• **Information supplied**
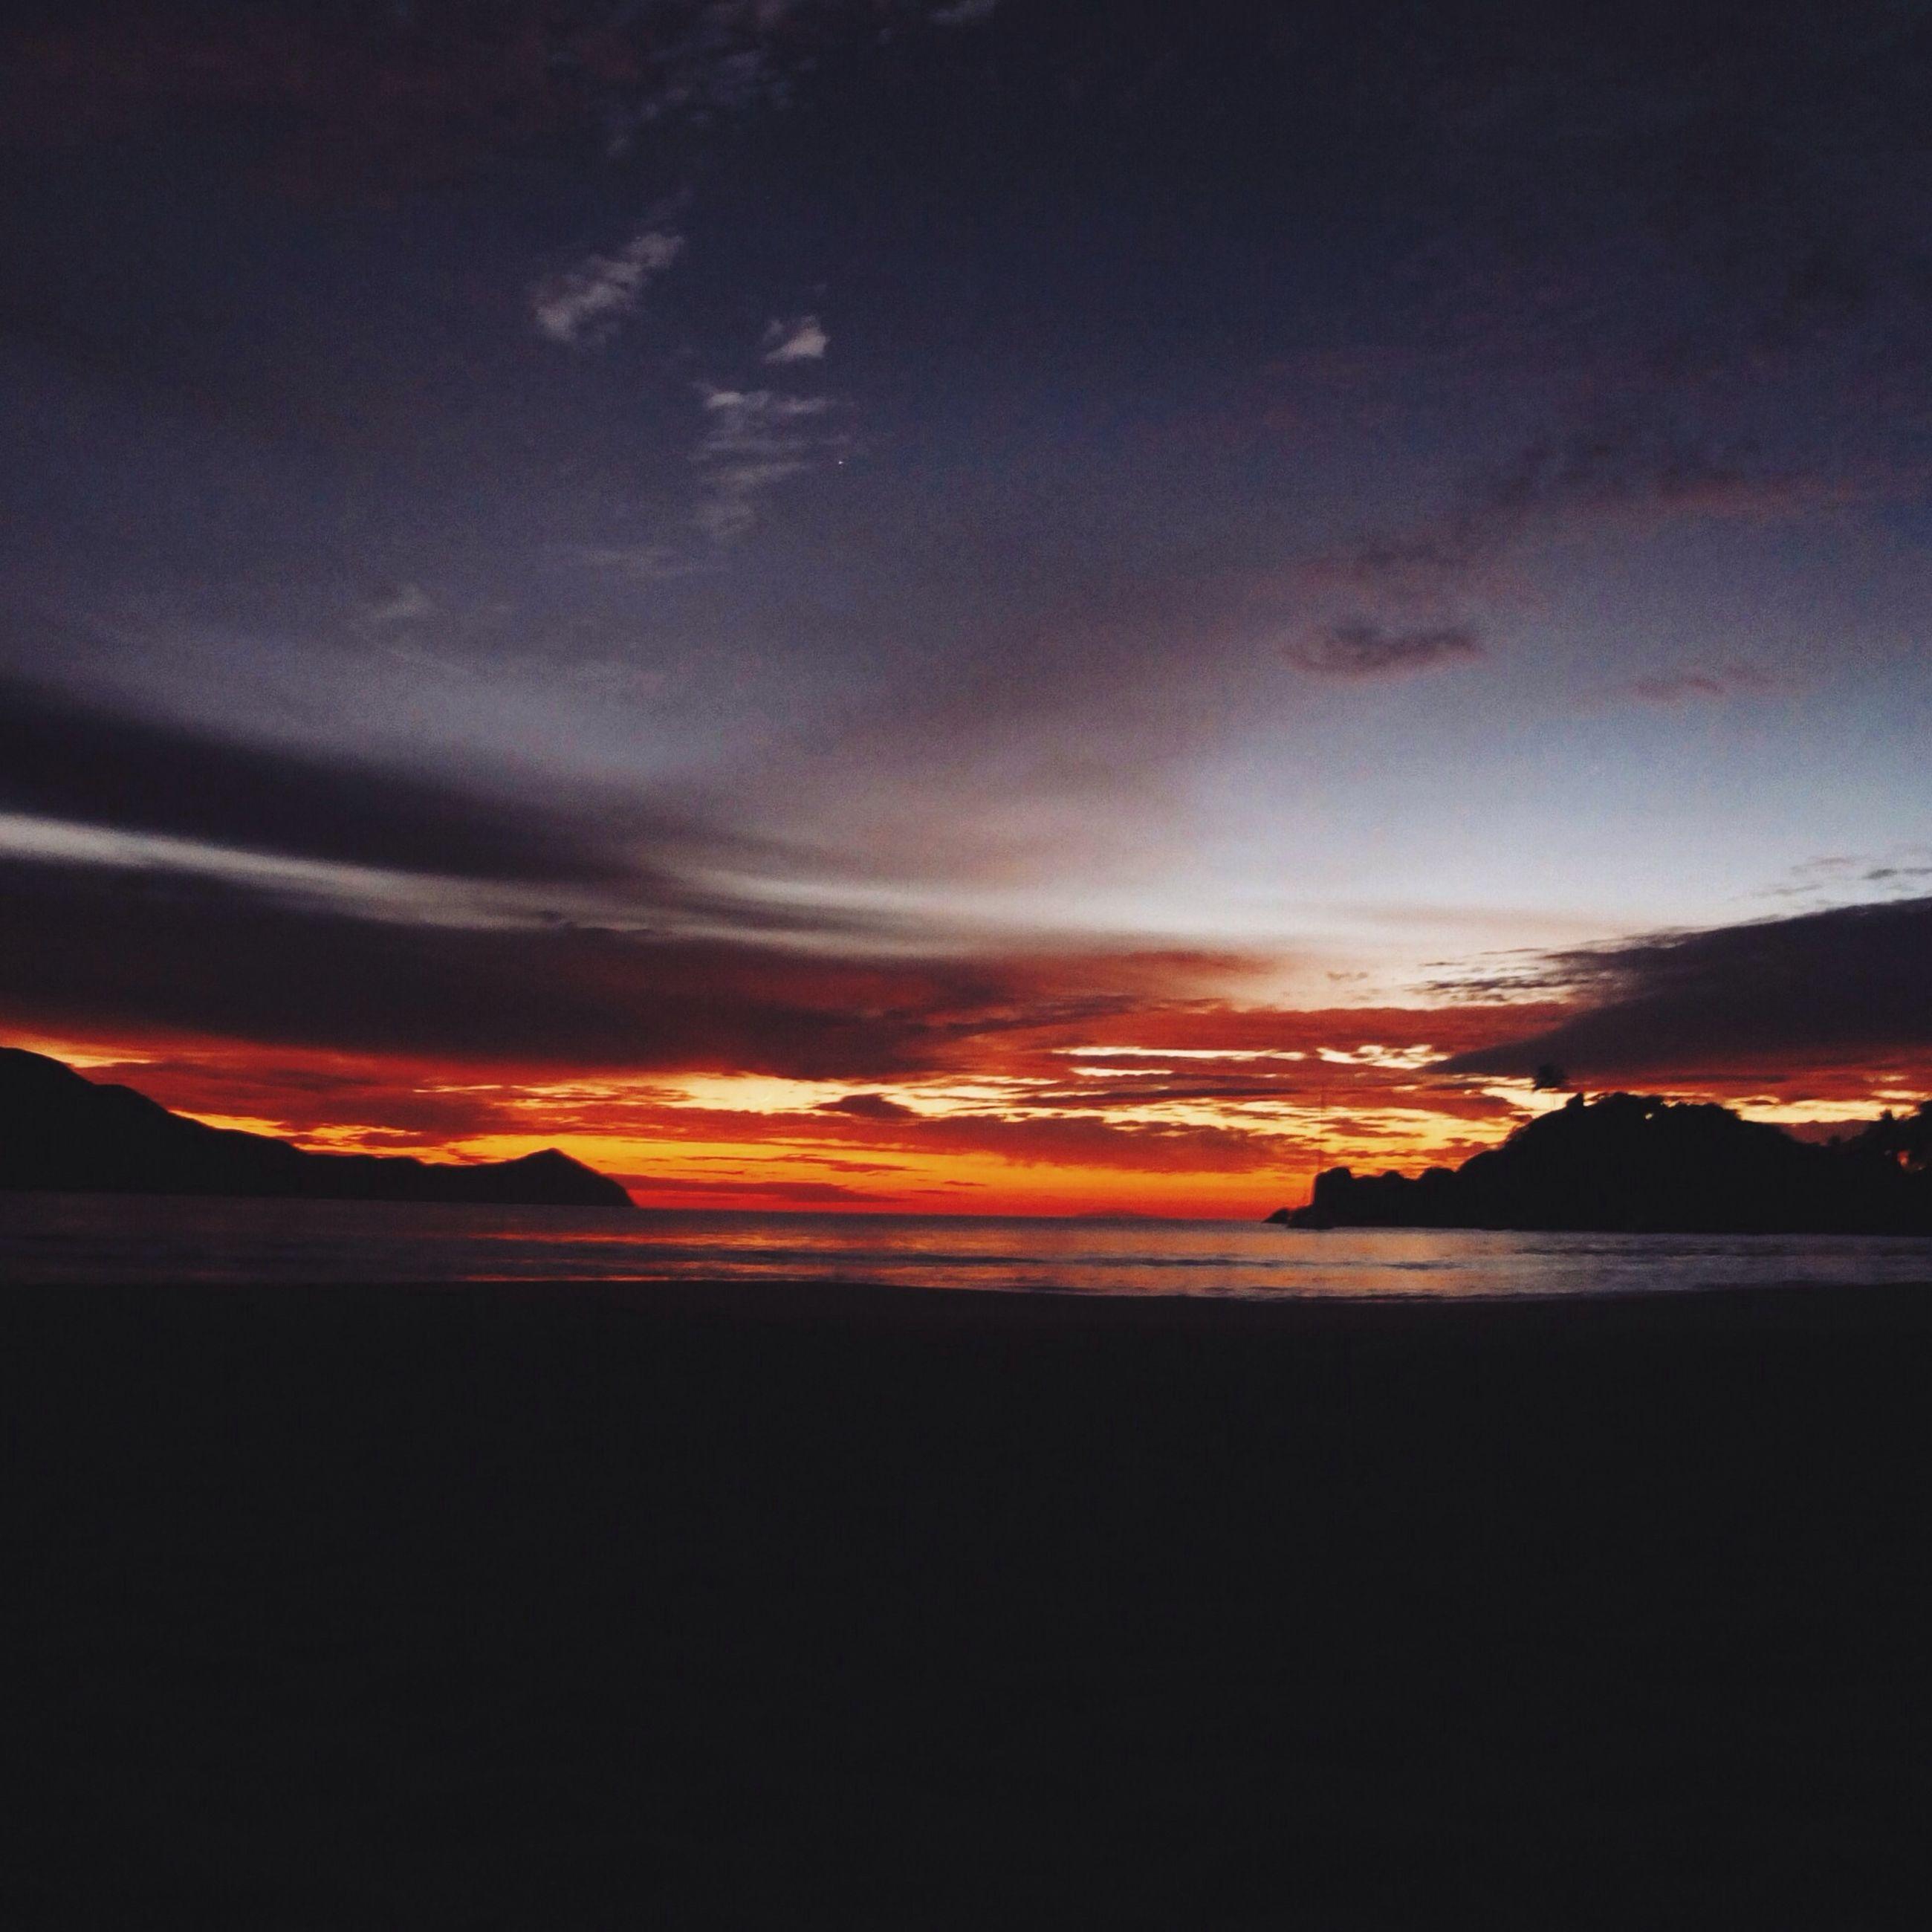 sunset, orange color, scenics, sky, tranquil scene, beauty in nature, tranquility, silhouette, idyllic, nature, sea, cloud - sky, dramatic sky, dark, dusk, water, landscape, cloud, outdoors, majestic
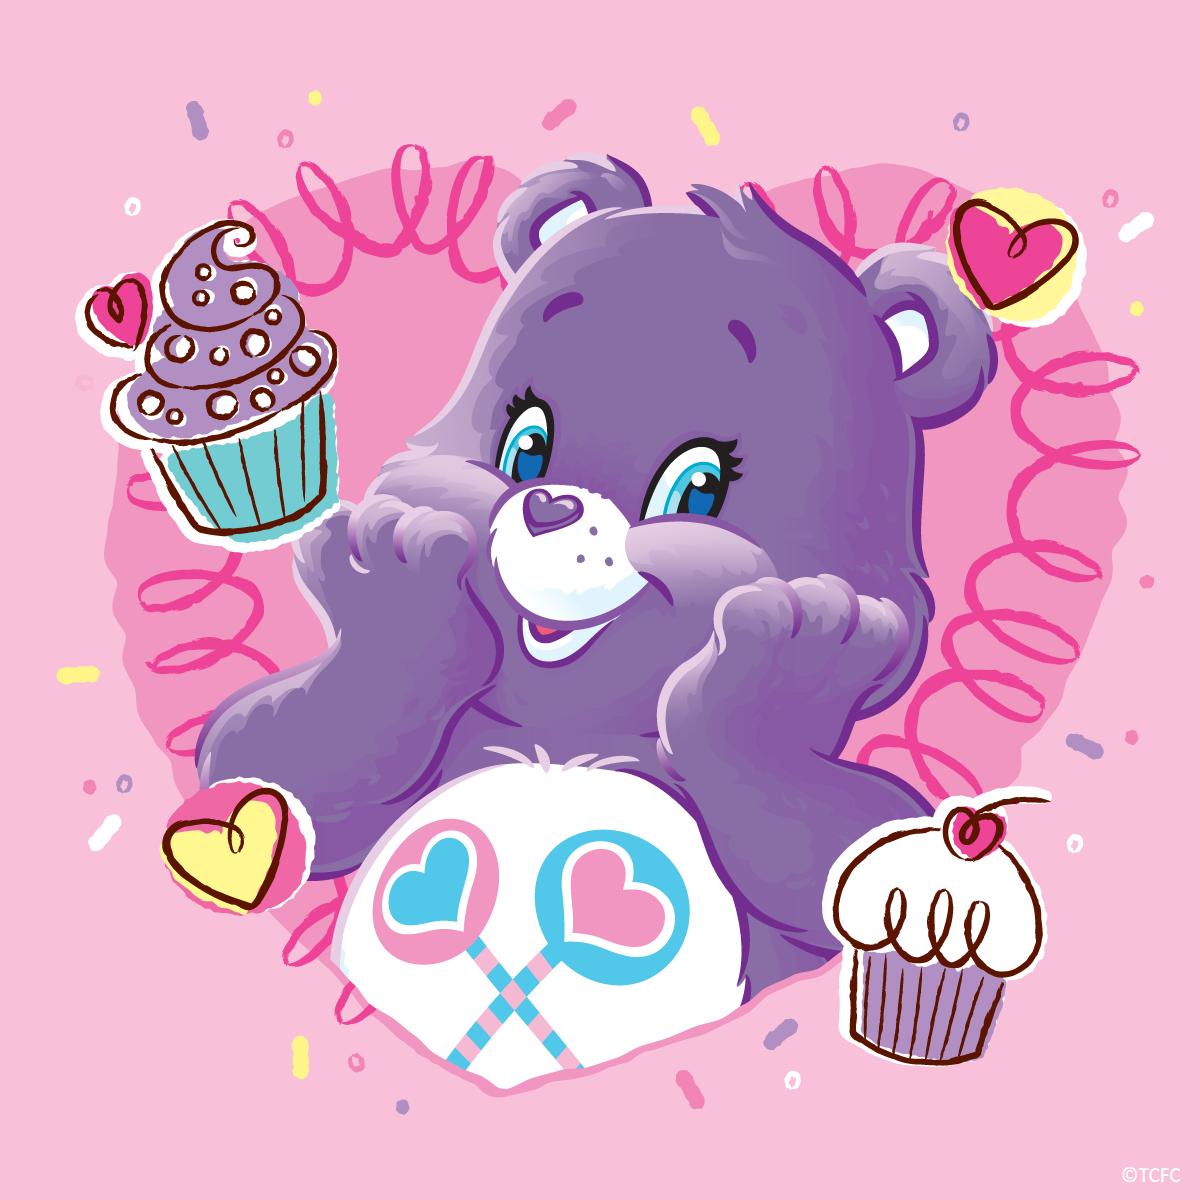 Care Bears Wallpaper: Care Bears:) Happy Birthday
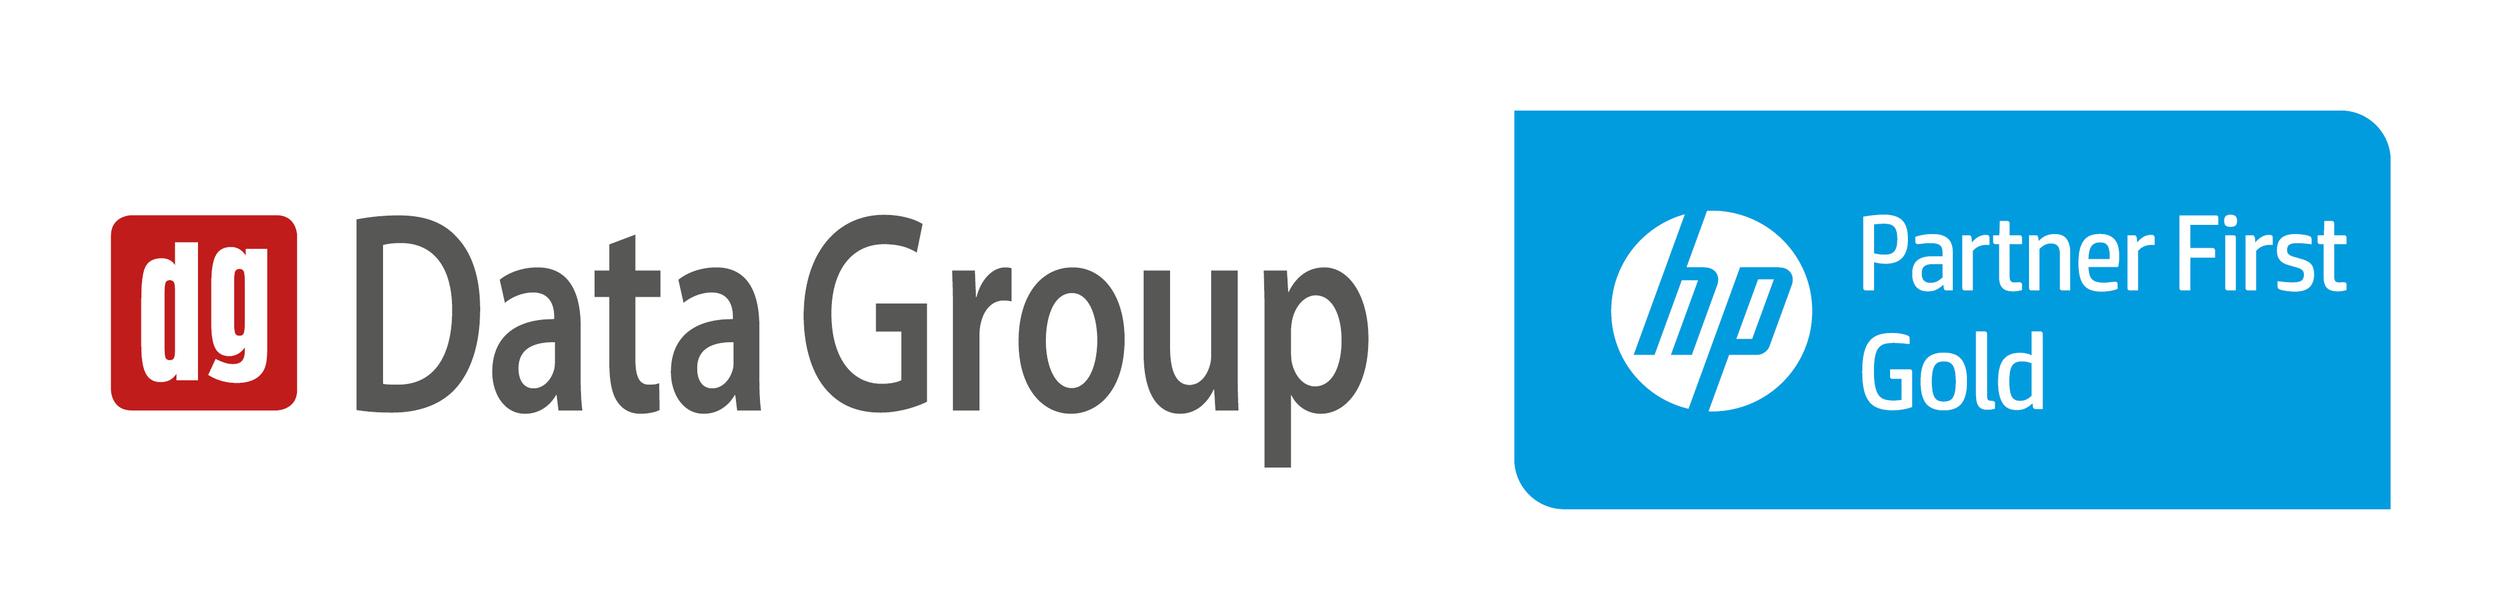 Data Group HP Partner First Gold lockup.jpg

• **Goal of the exercise**
Return every line of the data above exactly, and omit all pictures.

• **Task solution**
 sunset, orange color, scenics, sky, tranquil scene, beauty in nature, tranquility, silhouette, idyllic, nature, sea, cloud - sky, dramatic sky, dark, dusk, water, landscape, cloud, outdoors, majestic
 Care Bears Wallpaper: Care Bears:) Happy Birthday
 Data Group HP Partner First Gold lockup.jpg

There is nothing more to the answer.